How to do a graphical display based on the large amount of data visualization, to learn the LTTB algorithm you do not know

Largest Triangle Three Buckets, seeing these words for the first time, looked stunned. What is this? The biggest triangle Three buckets, three buckets make the biggest triangle, right? What’s in the bucket? Why the triangle? I really don’t understand, fortunately we can learn, just like you are reading the article, but also don’t go to a “like”, so love learning.

preface

Based on Downsampling Time Series for Visual Representation, this paper introduces the CONTENT of LTTB algorithm, introduces the algorithm core, the problems to be solved, and the realization of specific logic and application scenarios in visualization.
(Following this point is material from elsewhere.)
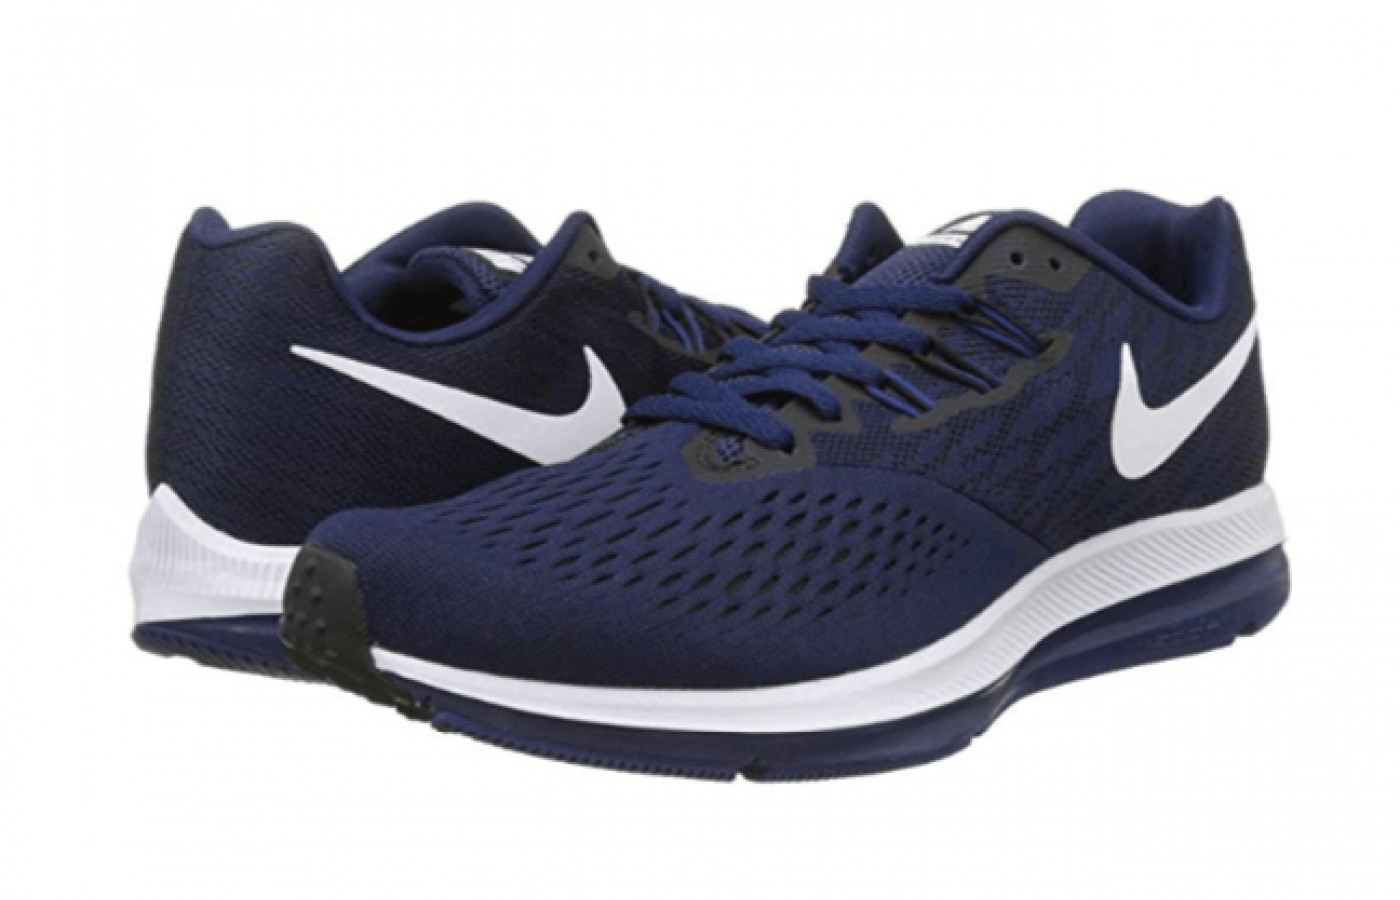 Nike Winflo 4 Running Shoe Reviewed | Gearweare.net

Take the broken line graph as an example. In the visual scene, when the data of x axis is increasing, the corresponding data of Y axis is increasing, the broken line reflected in the graph will become more and more complicated. When the number reaches a certain level, it is difficult to find the real value expressed by a specific point through the graph, and the data becomes very crowded.

5000 data point plot line graph

In order to see the graph as a whole, we have to hide some points, show only those points that are representative of other points, or create new data points that are representative of these points, which is the problem that the downsampling algorithm solves.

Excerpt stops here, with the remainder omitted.